Eric David Hargan (born June 3, 1968) is an American lawyer and government official who served as United States Deputy Secretary of Health and Human Services from October 2017 to January 2021. A member of the Republican Party, Hargan previously acted in this role in 2007 under the George W. Bush administration.

On October 10, 2017, President Donald Trump appointed Hargan as acting United States Secretary of Health and Human Services, which he held until January 29, 2018, when Alex Azar assumed the office.

Early life and education
Hargan was born in 1968 in Cape Girardeau, Missouri and raised in Mounds, Illinois. He received his BA in philosophy from Harvard University and his JD from Columbia Law School, where he was a senior editor of the Columbia Law Review.

Career

From 1997 to 2003, Hargan was a partner in the Chicago headquarters of the law firm of Winston & Strawn, where he specialized in corporate law, particularly mergers and acquisitions, securities, and venture capital transactions.

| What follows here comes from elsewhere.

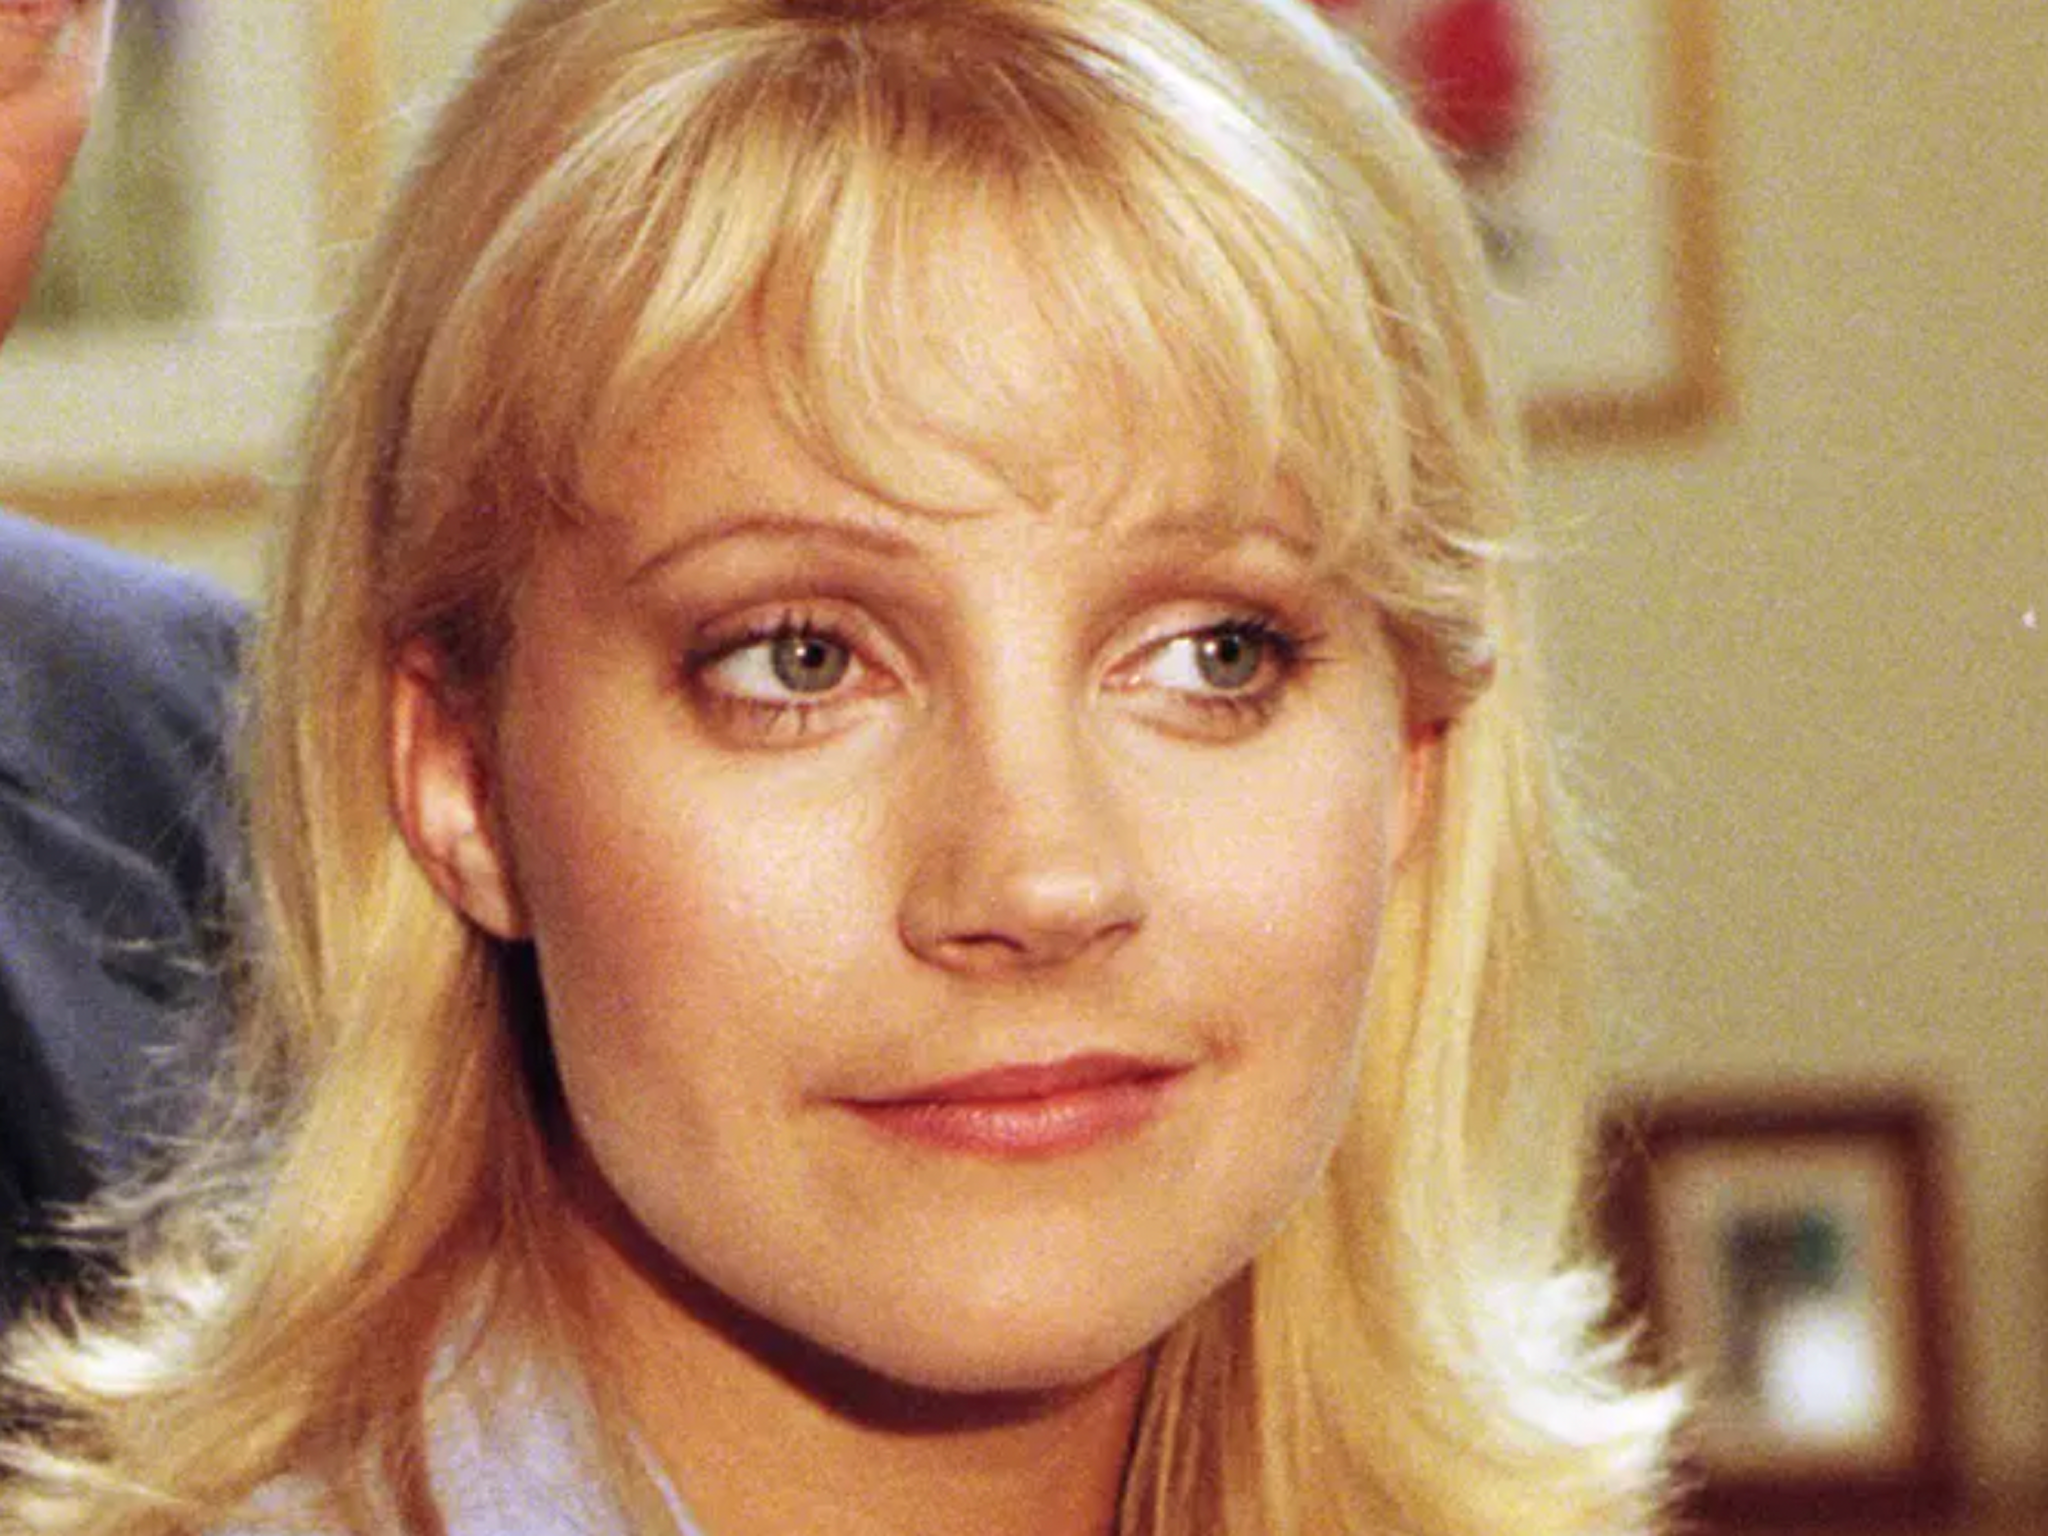 Burrows as Kathy Glover in ‘Emmerdale’ in 1997
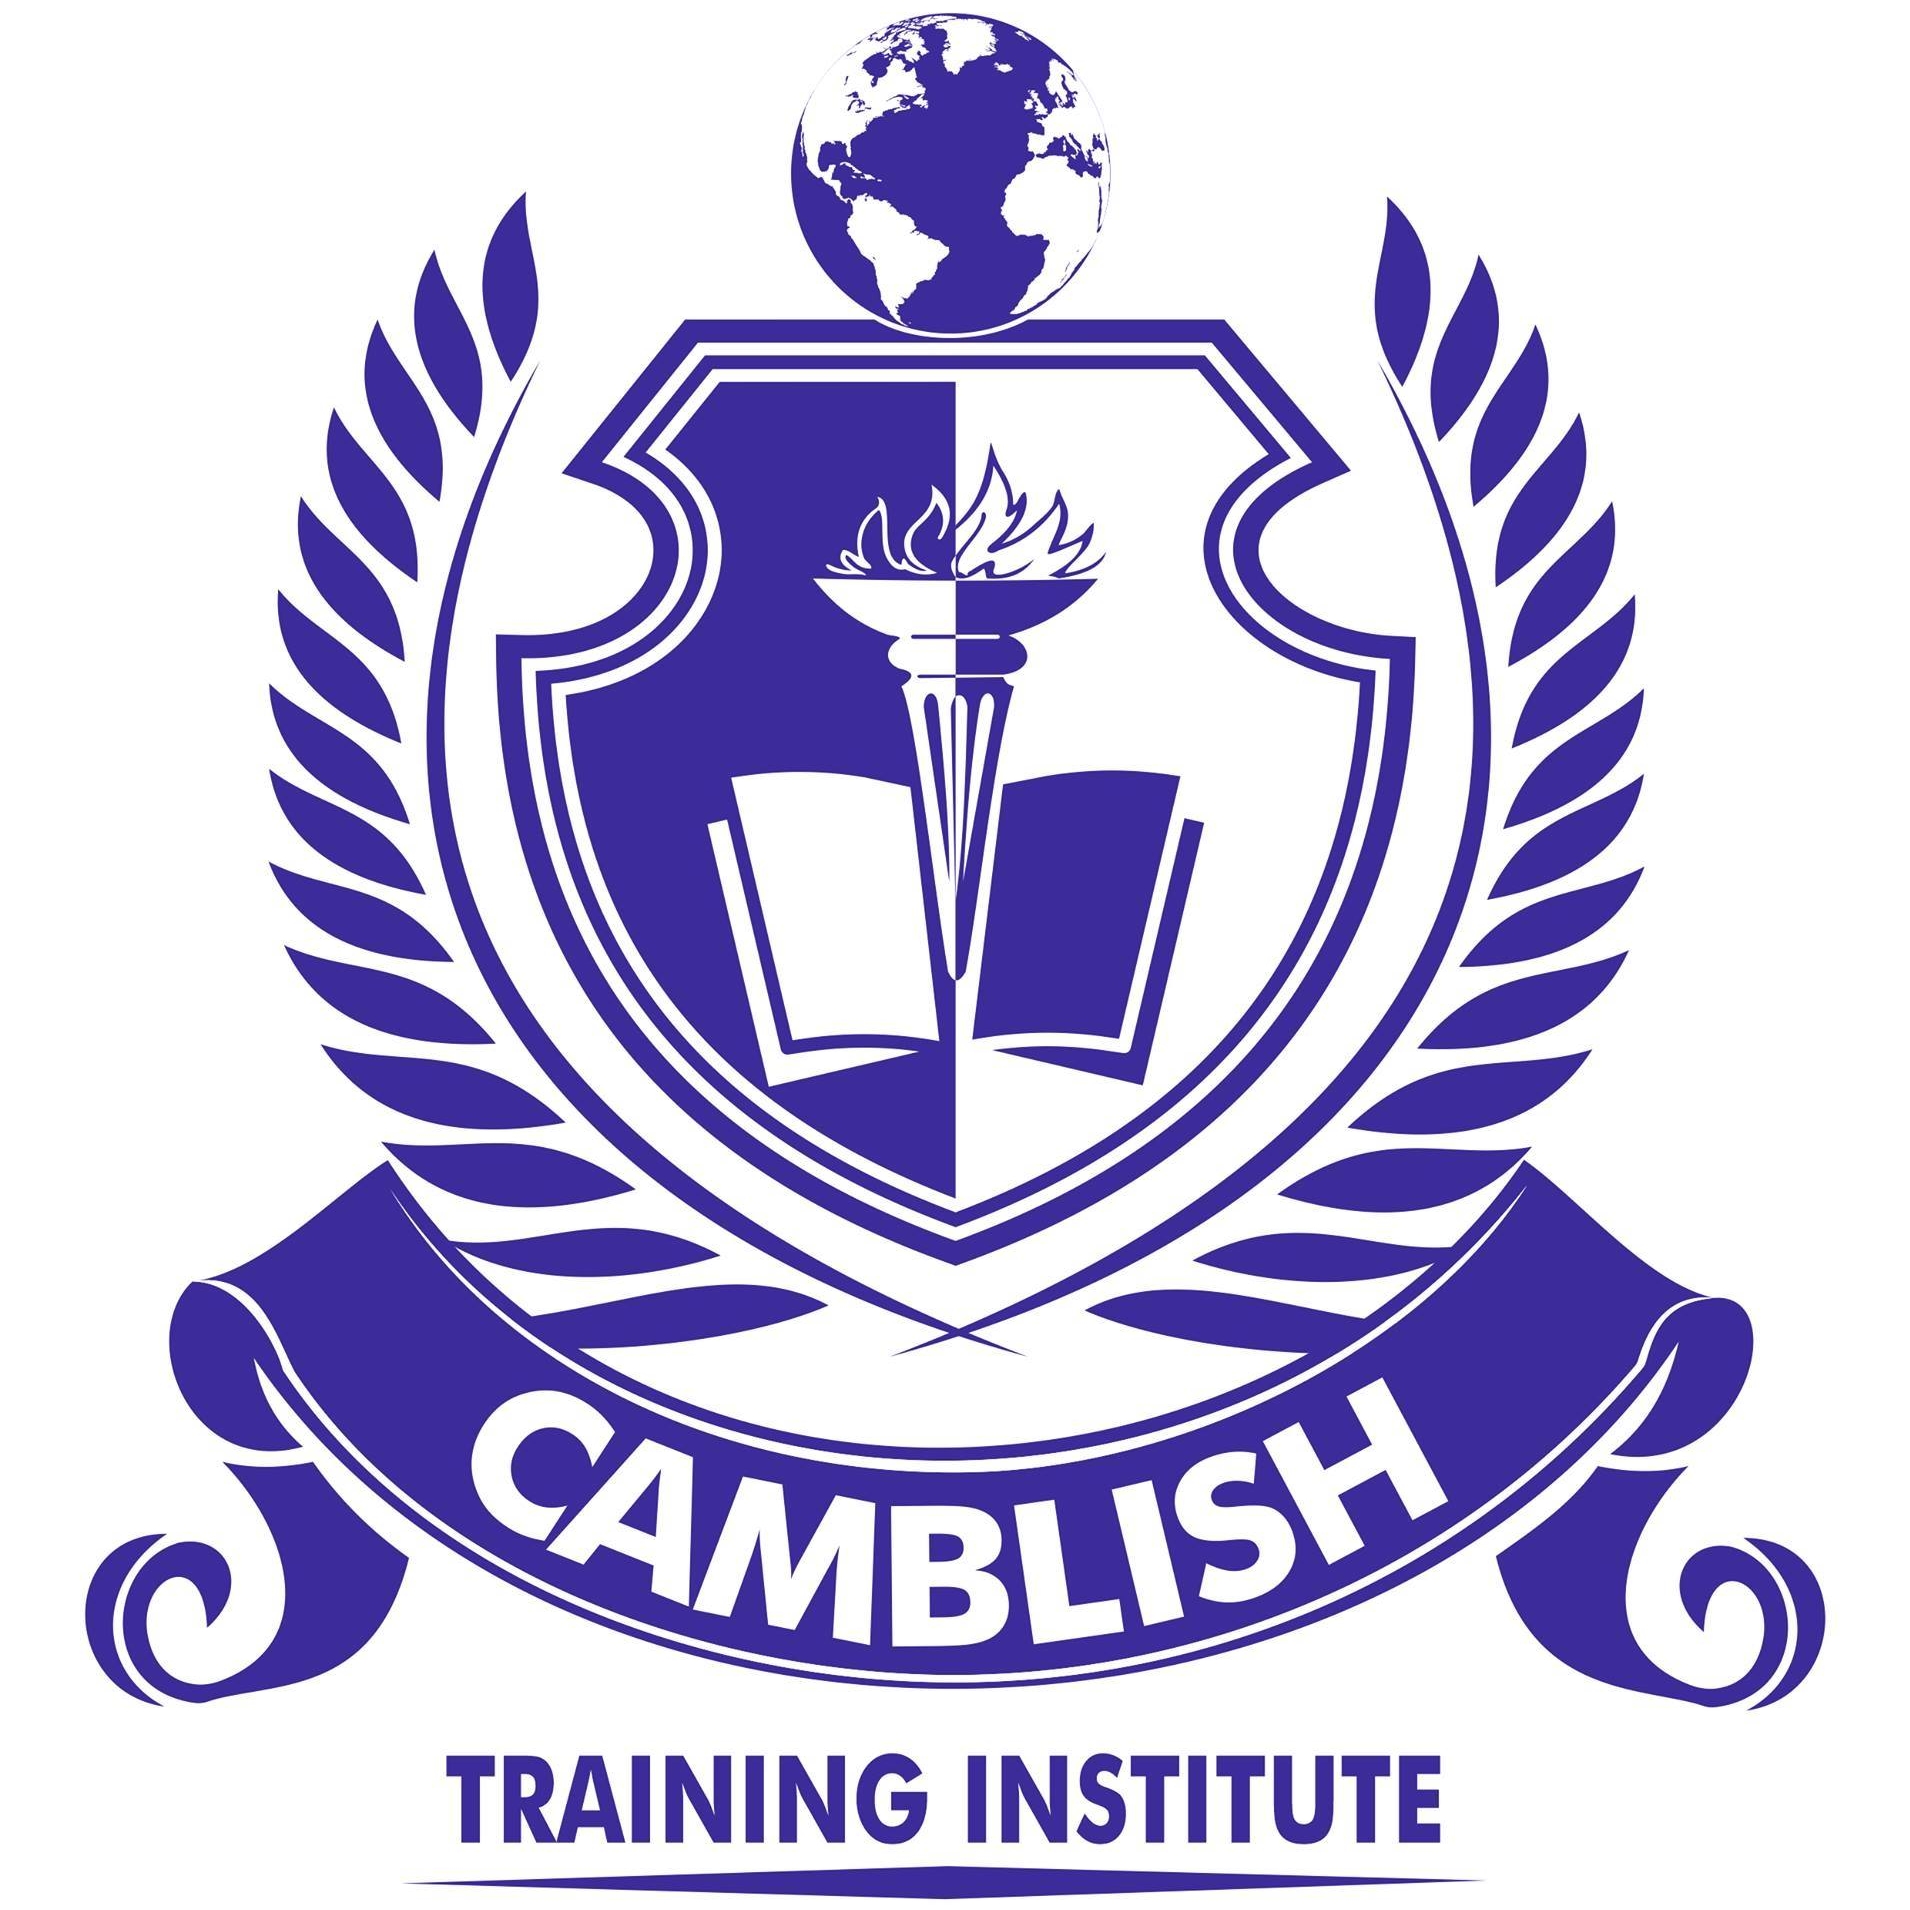 Camblish Training logo

From 2003 to 2005, Hargan served as Deputy General Counsel of HHS for the George W. Bush administration. From 2005 to 2007, he served the Department as Principal Associate Deputy Secretary and Acting Deputy Secretary. Working closely with Secretary Mike Leavitt, Hargan oversaw the department's operations. He also served as the Regulatory Policy Officer for HHS, overseeing the development and approval of all HHS regulations and significant guidances.

Hargan left the government in 2007 and joined the health law department of law firm McDermott Will & Emery. Hargan joined the health and FDA business development practice of law firm Greenberg Traurig in June 2010.

In 2014, Hargan worked on Illinois Governor Bruce Rauner's health care transition team.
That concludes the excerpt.